Incidentally, this was the first story in which I decided to have fun with the title. Science fiction stories typically have terse no-nonsense titles…and for a long time, I thought titles like that were absolutely necessary if you wanted to be taken seriously as a writer. Finally, of course, I realized what a ridiculous notion that was—not only did many great stories have out-and-out florid titles, but one doesn't always want to be "serious" anyway. Therefore, I chucked out my preconceptions on what titles "must" be and have felt better ever since.
"The Children of Crèche": Once upon a time, there was a thing called gonzo journalism. It's not entirely dead—I still stumble across delightfully over-the-top pieces of supposed reportage that are really just an excuse for mouthing off in extravagantly purple prose—but I fear the glory days of gonzo are gone, gone, gonzo. Readers of "Crèche" have told me they're sure I'm imitating someone, but they can't tell who. Sigh.
(The answer is I'm not imitating anyone specifically; I'm simply having flashbacks to Hunter S. Thompson, Tom Wolfe, Harlan Ellison in Tick-Tock mode, and a whole bunch of other writers who fed my gonzo cravings in the late sixties/early seventies. Hee-whack indeed.)
By the way, this is my earliest story featuring a scalpel. Don't ask me why, but scalpels keep popping up all over my writing…scalpels and mutilating corpses. It's a good thing I despise Freudian psychology, or I'd be really, really worried.

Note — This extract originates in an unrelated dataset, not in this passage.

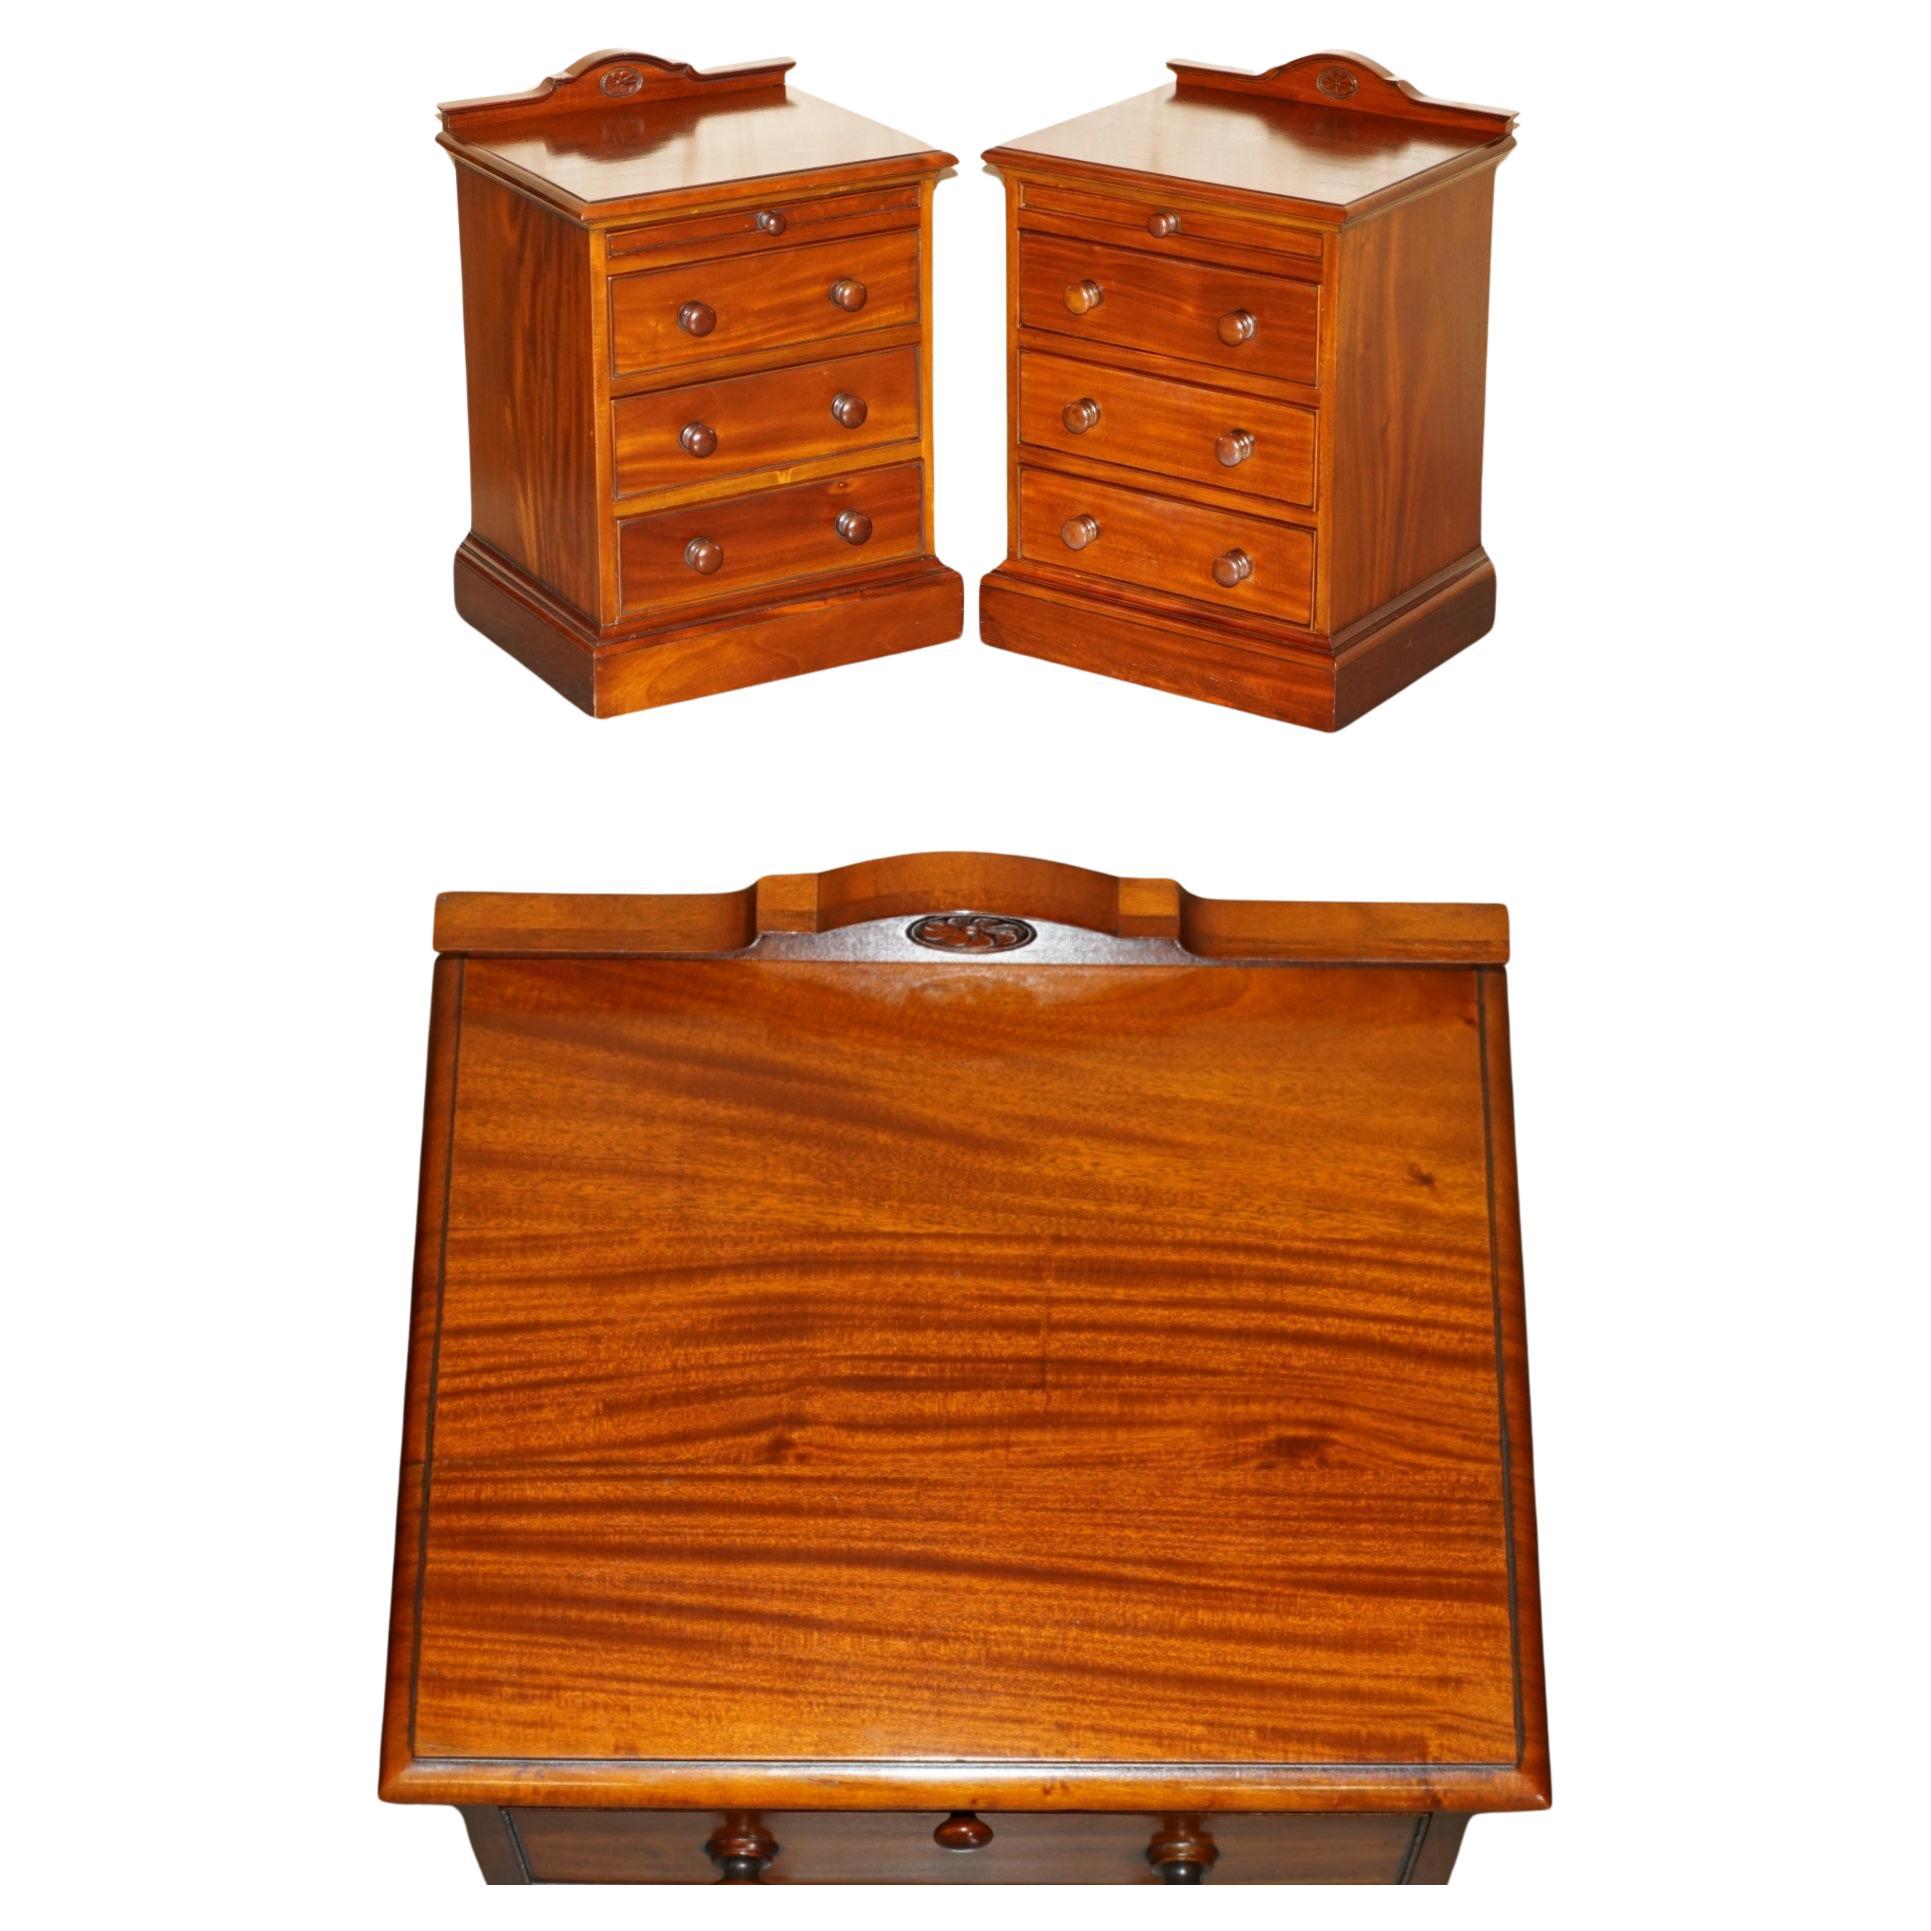 PAIR OF VINTAGE FLAMED HARDWOOD BEDSIDE TABLE NiGHTSTAND DRAWERS PART SUITE For Sale

"Kent State Descending the Gravity Well: An Analysis of the Observer": This is the one story I've written as me, Jim Gardner, rather than from some fictional point of view. It's not quite a true story—I never actually sat down and wrote out the "scribbles" as they appear—but the ideas did cross my mind as I saw how the press tried to deal with the twentieth anniversary of the killings at Kent State University. Our beloved media (as they so often do) wrote around the facts without ever truly connecting to the reality of what happened.